Source material —
____

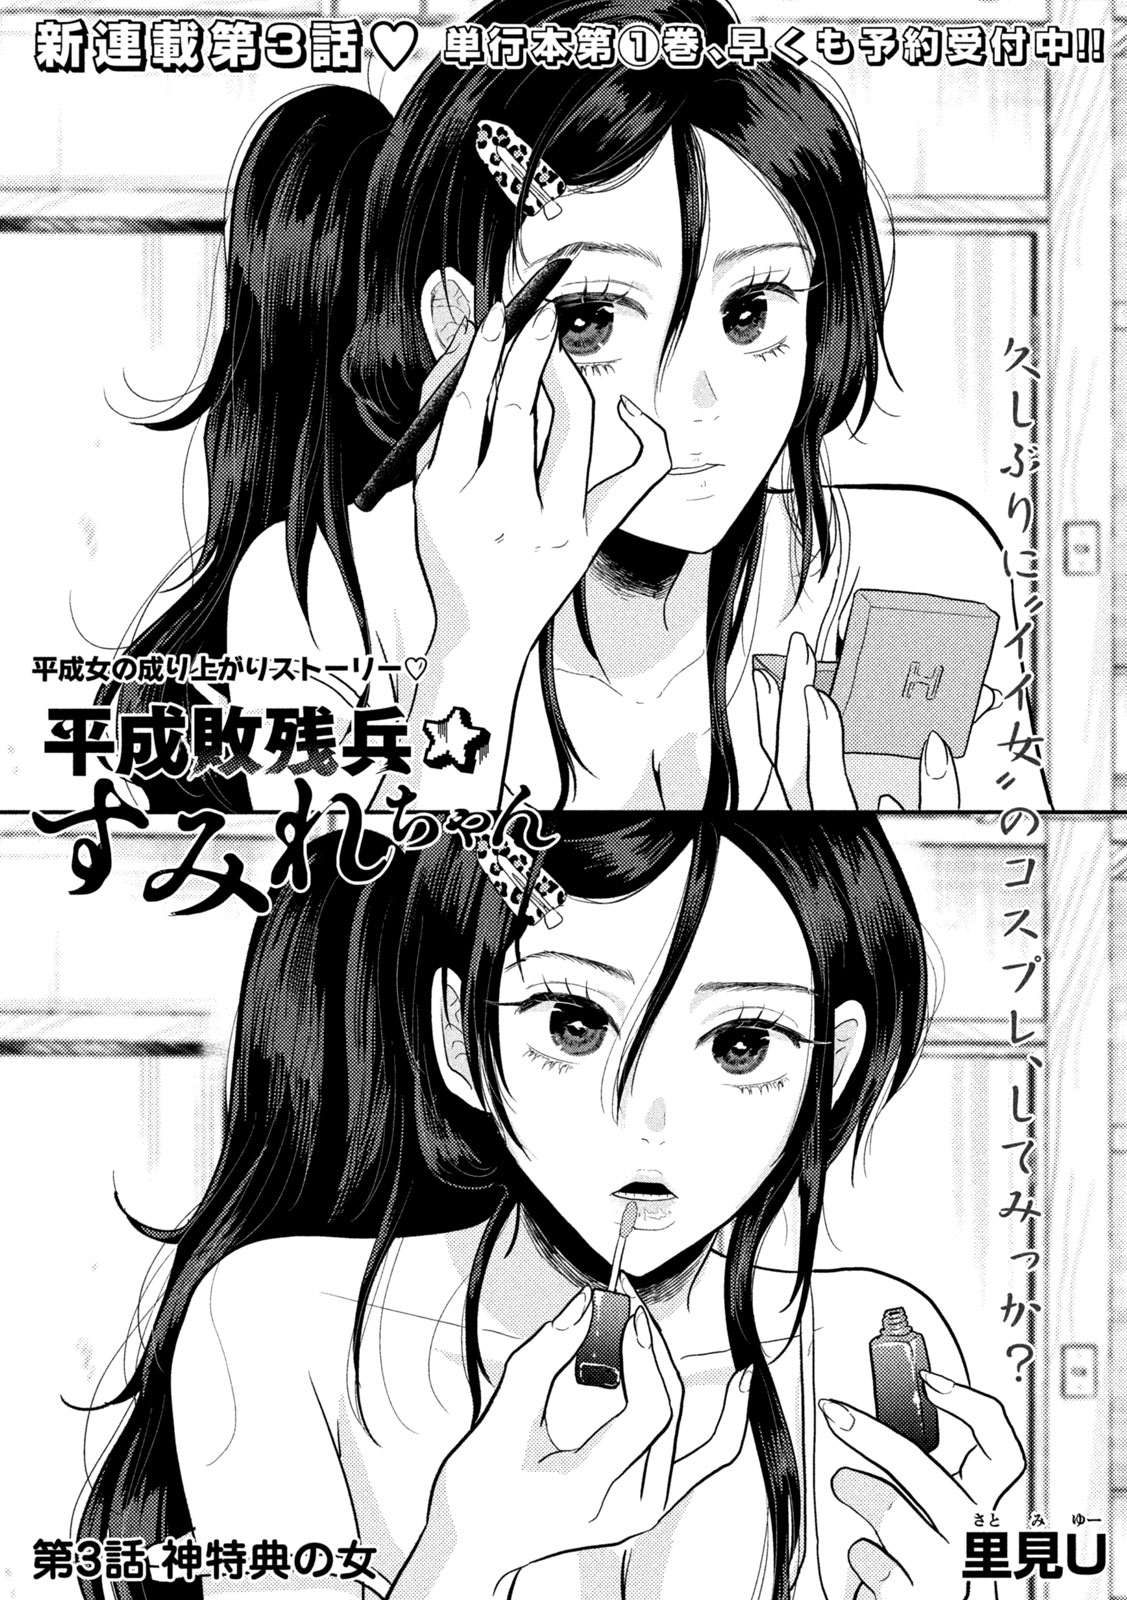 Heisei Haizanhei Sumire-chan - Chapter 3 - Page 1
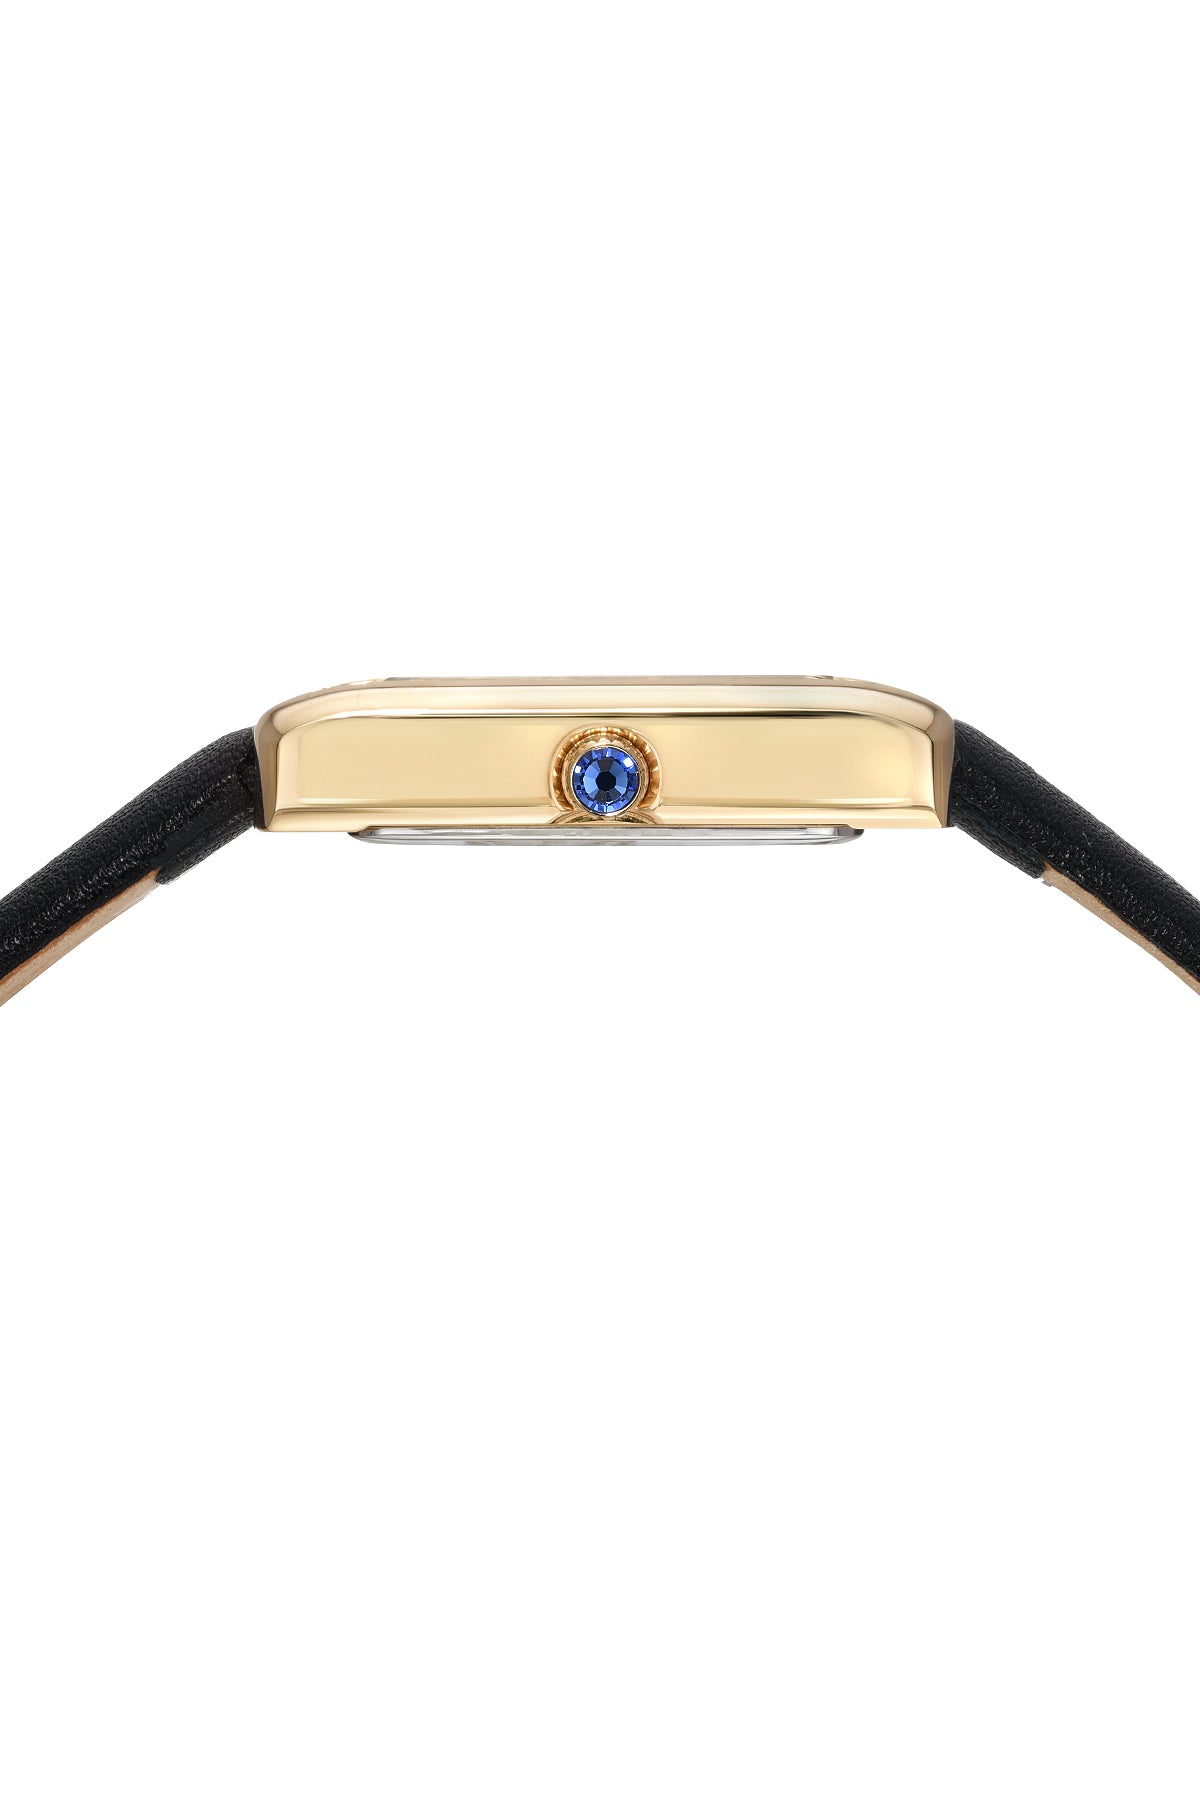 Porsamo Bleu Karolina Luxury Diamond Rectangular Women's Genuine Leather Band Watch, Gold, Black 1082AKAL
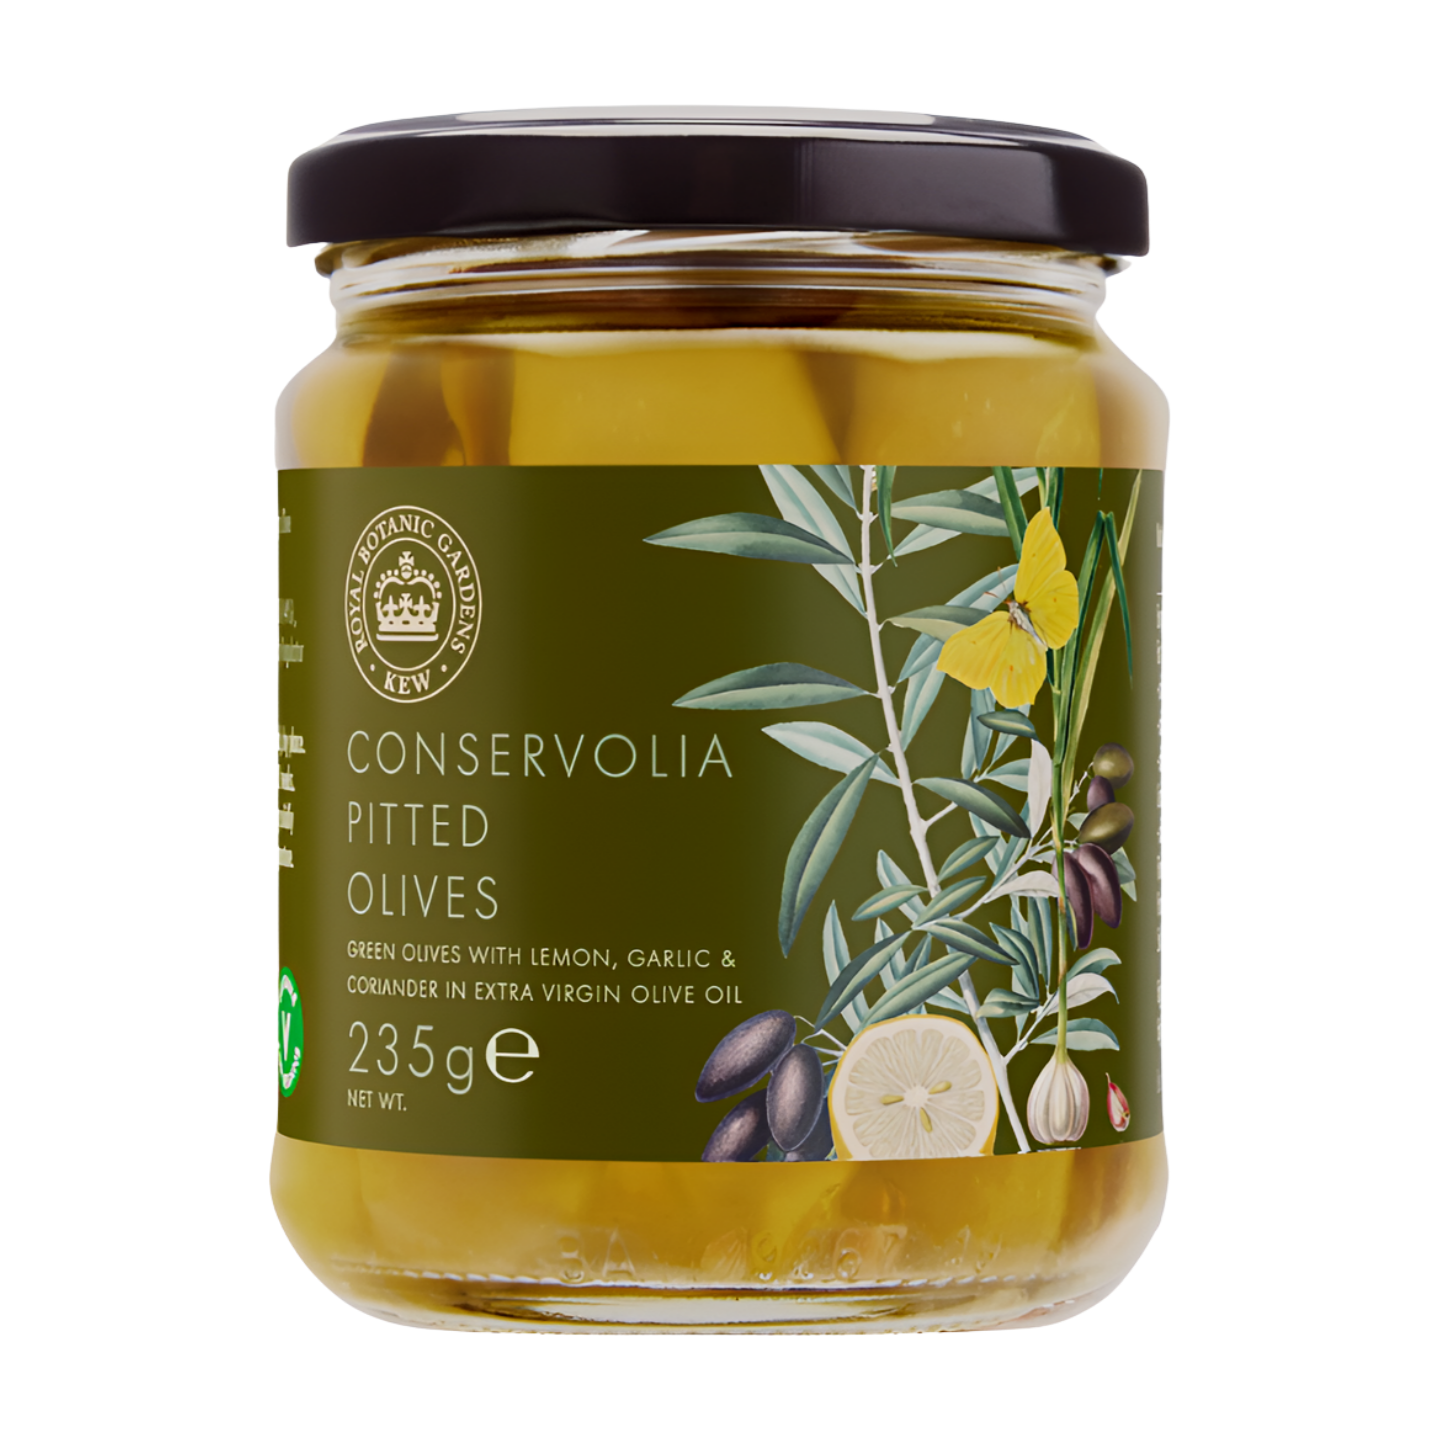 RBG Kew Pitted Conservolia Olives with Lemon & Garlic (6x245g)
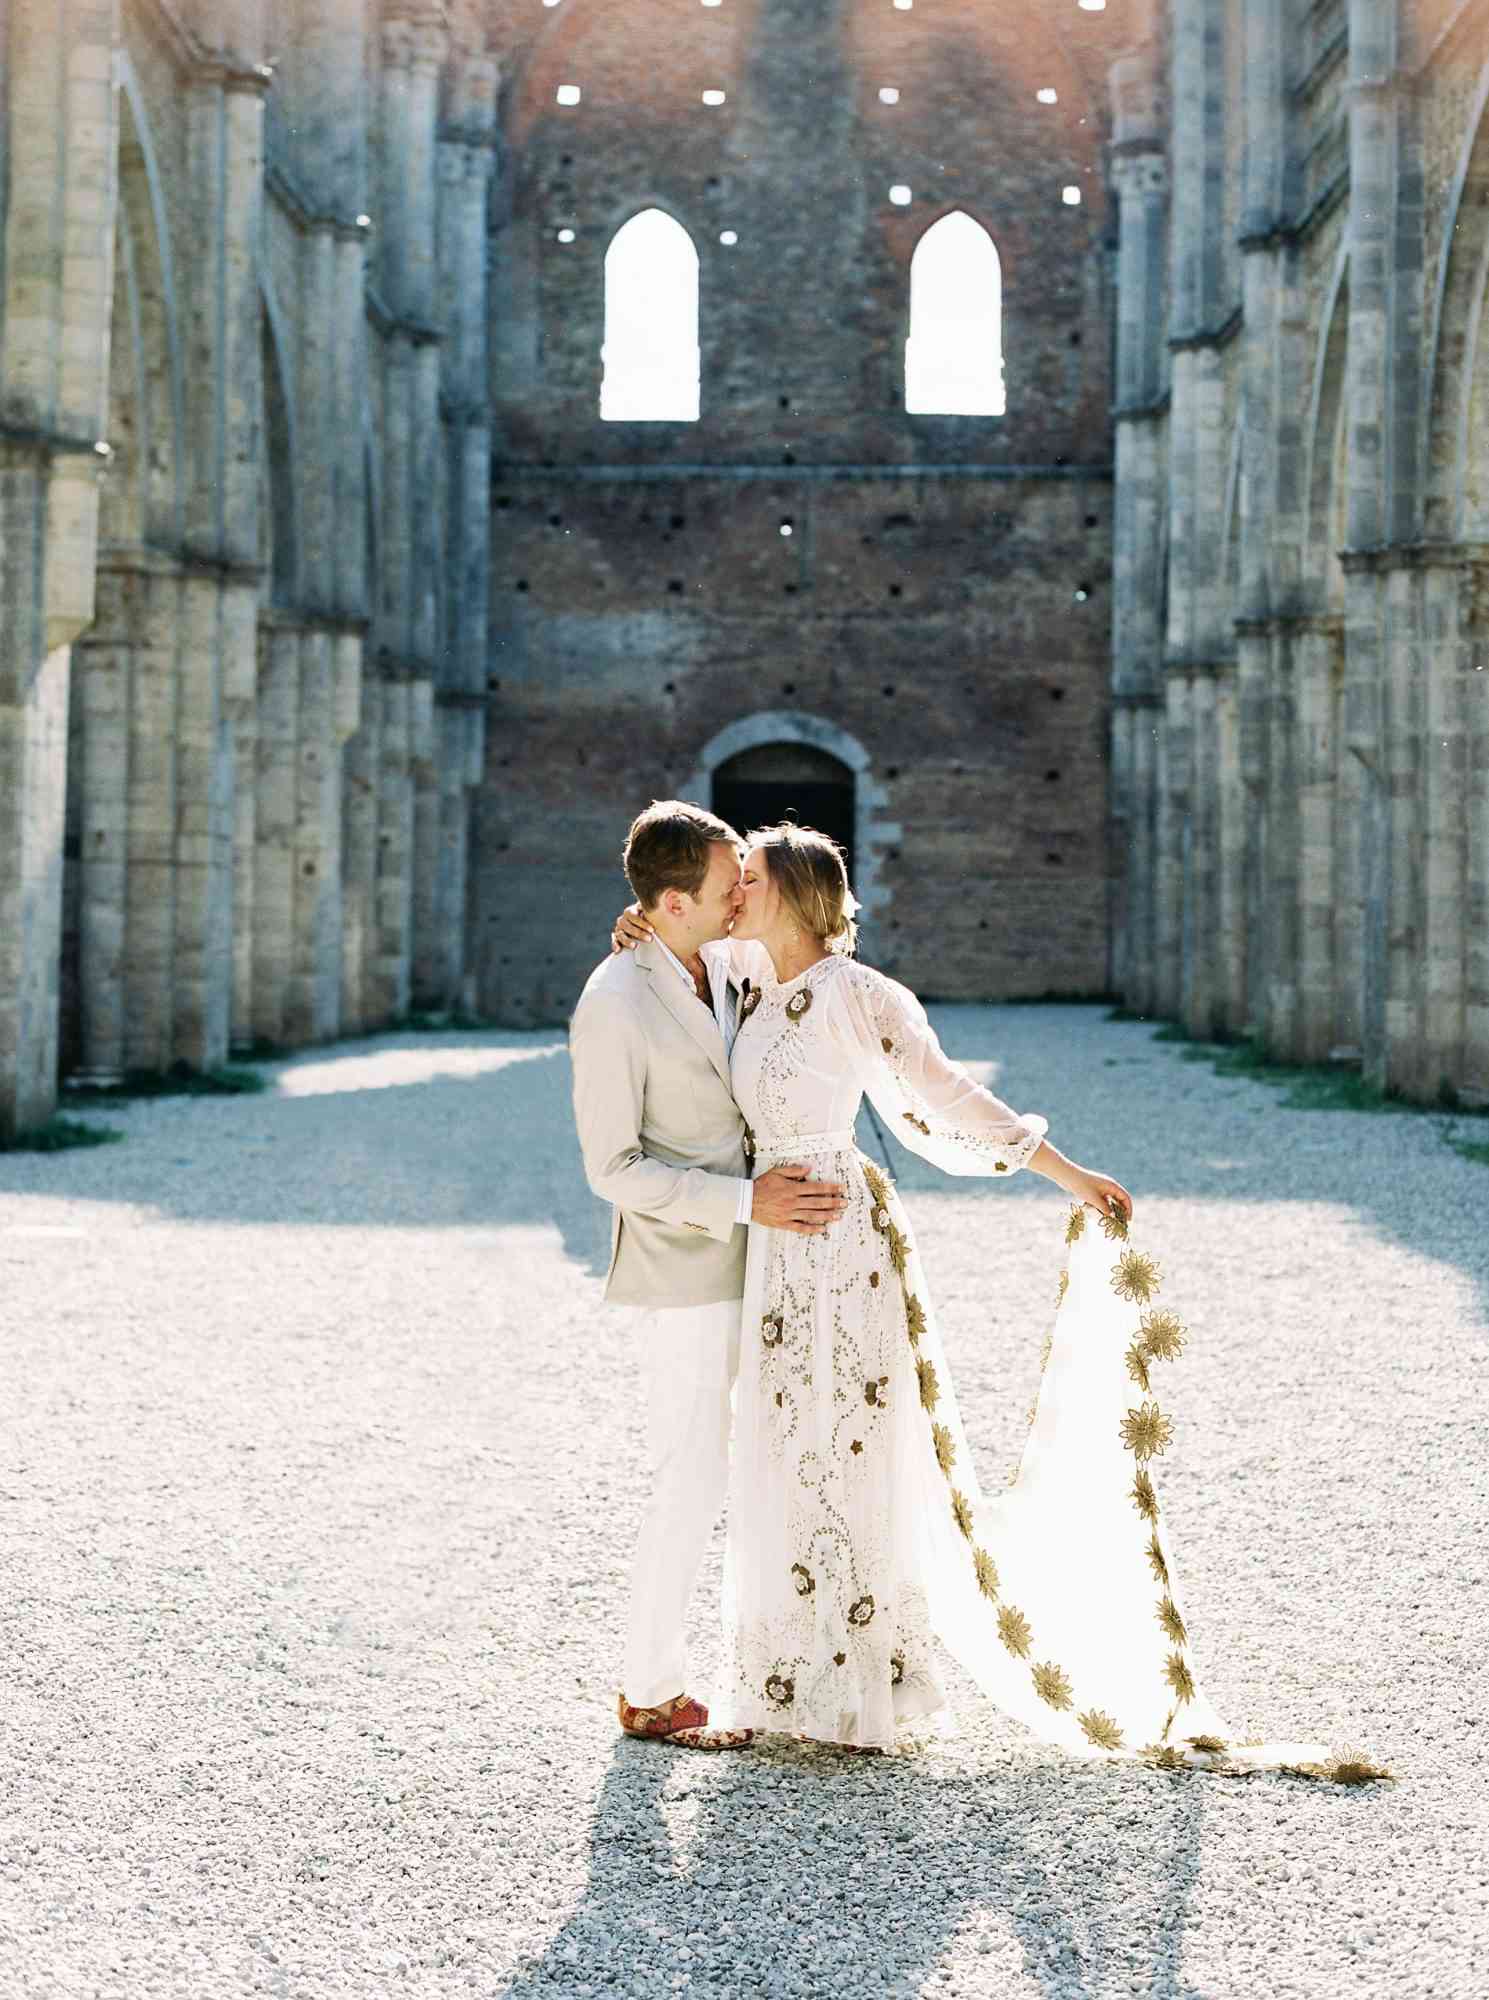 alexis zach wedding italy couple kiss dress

____

The problem — The material must be returned exactly, with its pictures omitted.

Your response —
 Heisei Haizanhei Sumire-chan - Chapter 3 - Page 1
 Porsamo Bleu Karolina Luxury Diamond Rectangular Women's Genuine Leather Band Watch, Gold, Black 1082AKAL
 RBG Kew Pitted Conservolia Olives with Lemon & Garlic (6x245g)
 alexis zach wedding italy couple kiss dress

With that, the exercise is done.